Hogan: Charleston audiences get a ‘Clue’ with vim, vigor and candlestick


By Maura Hogan mhogan@postandcourier.com
Click Here to view the full review on The Post and Courier’s website.

Photo by Reese Moore Photography


Whether you’ve always been leery of Professor Plum’s tweedy pomposity or judgy of Miss Scarlet’s unapologetically wanton ways, there are abundant tells among the rogue’s gallery of suspects in “Clue” to offer fodder for finger-pointing.

For decades, the board game-turned-movie-turned-farce has enthralled those who revel in a good old-fashioned whodunit, one pinned particulate on the where and with what.

Gathering a charged cast that is more than game to maim with the help of a candlestick, rope or wrench, Charleston Stage now serves up the latter, “Clue: On Stage.” The theatrical rendition of the 1985 film, which debuted in 2022 at Paper Mill Playhouse in New Jersey, gets its first go at the Dock Street Theatre, running through Nov. 5.

Photo by Reese Moore Photography


For the stage version, Sandy Rustin wrote and adapted screenwriter Jonathan Lynn’s screenplay, folding in new bits and quips created by Hunter Foster and Eric Price. The Charleston Stage production also marks the main stage directorial debut of the company’s repertory member Colin Waters.

Over the past few years, Waters has been a ubiquitous Charleston Stage presence with an impressively wide-ranging track record as a performer on the Dock Street stage. For this production, he leverages his comic skills to harness the ensemble cast in a series of mishaps and murders that increasingly up the on-stage antics.

Much like the film it’s adapted from, this noteworthy departure from the famed Parker Brothers board game delves into the Cold War American politics that inform the plot. This “Clue” is set in 1950s at the height of McCarthyism, with the Red Scare somewhat folded into the goings on.

Before I parse those performances, due credit must be paid to a key agent in the production: the set. For this production, scenic designer Adam Jehle has devised a beauty. While suitably tricked-out burnished wood and oil paintings befitting the toney home of the well-to-do Mr. Boddy, it also brings to life the room-roaming board game in inventive ways.

Farcical forays play out in the genre’s multiple doors. Through them, characters pop in and out to enter and exit hallmark spaces from the game — the library, the billiard room, the conservatory, etc. — with paintings on a backstage wall flipping over to reveal each. But unlike the static structures in most farces, these doors have legs, with actors wheeling them hither and yon across the stage to comic, antic effect.

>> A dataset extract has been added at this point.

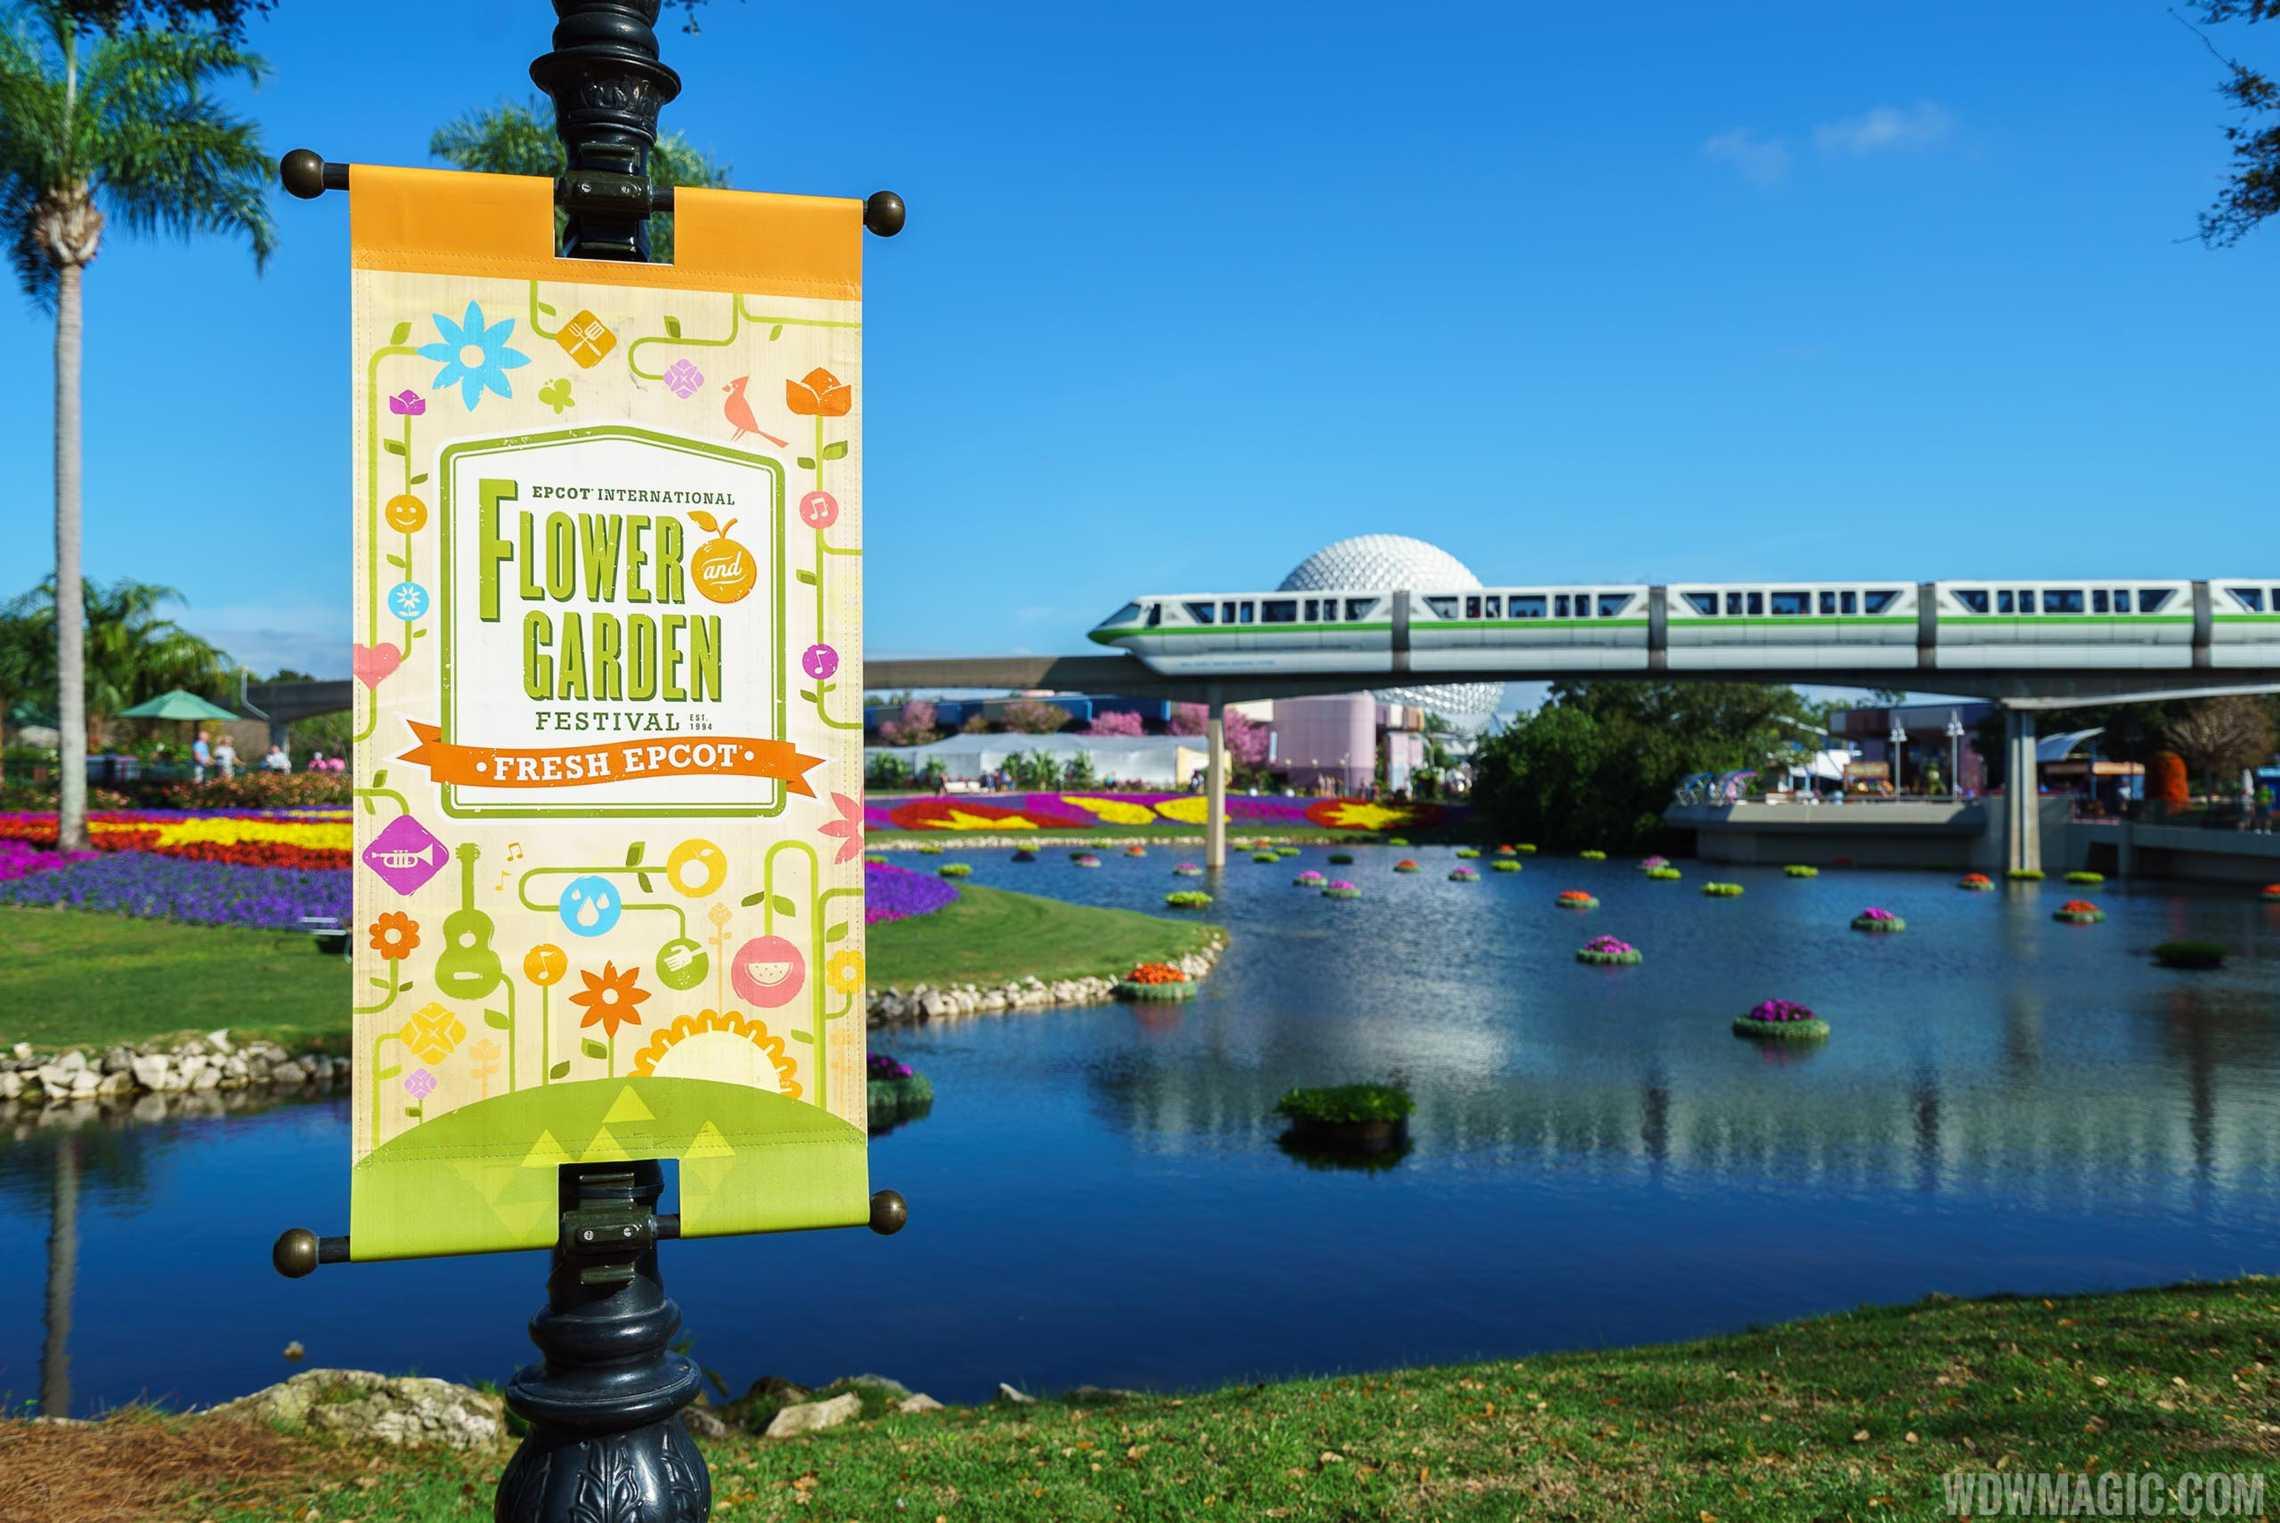 2017 Flower and Garden Festival - Signage

At the same time, effective use of color is deployed throughout, with each suspect swathed in the hue that cues up their name, compliments of costume designer Hayley O’Brien. Think a feather-topped teal for Mrs. Peacock, a boldly bedazzled fire engine red for Miss Scarlet, a swell emerald suit for Mr. Green.

Now, about those characters. This play works best when the performers go for the glory in their interpretation — and go for the gusto in physical comedy. As the butler Wadsworth, Justin Von Stein makes his Charleston Stage debut in fine, lithe fettle, smoothing over all of the mayhem with a mellifluous British accent as he nimbly navigates pratfalls and the like with deceptive ease.

Others among the famed suspects hold their own, too, among them Kathy Summer, who makes impressive performative hay with the prattling, sanctimonious Mrs. Peacock; Dominick Ventrella as a quirkily nervous Mr. Green; and Mike Hornacek, who has Southern-fried fun with Colonel Mustard. All in all, the cast delivers commendable wattage as they bustle and scamper, enter and exit, vamp and wilt, wielding some weapons while deflecting others.

But in this work, the clue is in the humor. This is not a murder mystery that trades in suspense. Instead, its motivation is black comedy — of the pleasant chuckle-eliciting variety more than rip-snorting guffaws. And it’s agreeable enough for the entire family, too.

Apart from a some mild, come-hithering from Brietta Goodman’s self-possessed Miss Scarlet, “Clue” offers both the requisite nostalgia and fast-paced repartee for parents, as well as some amped-up shenanigans sure to entertain the visually-savvy TikTok generation.

Photo by Reese Moore Photography


To wit, my 10-year-old daughter Beatrice and her chum Vivienne were beyond delighted with the show — solid testament indeed for a rare weeknight splurge likely to work its way into their tween banter in the weeks to come.

All in all, “Clue: On Stage” chugs along amiably, even while its requisite physical rigor is certainly more of a strenuous workout than its energized actors let on. At Charleston Stage, they are all-in for a fun, fangless evening at the theater, one certain to go down as easy as the wine in Mr. Boddy’s crystal goblets.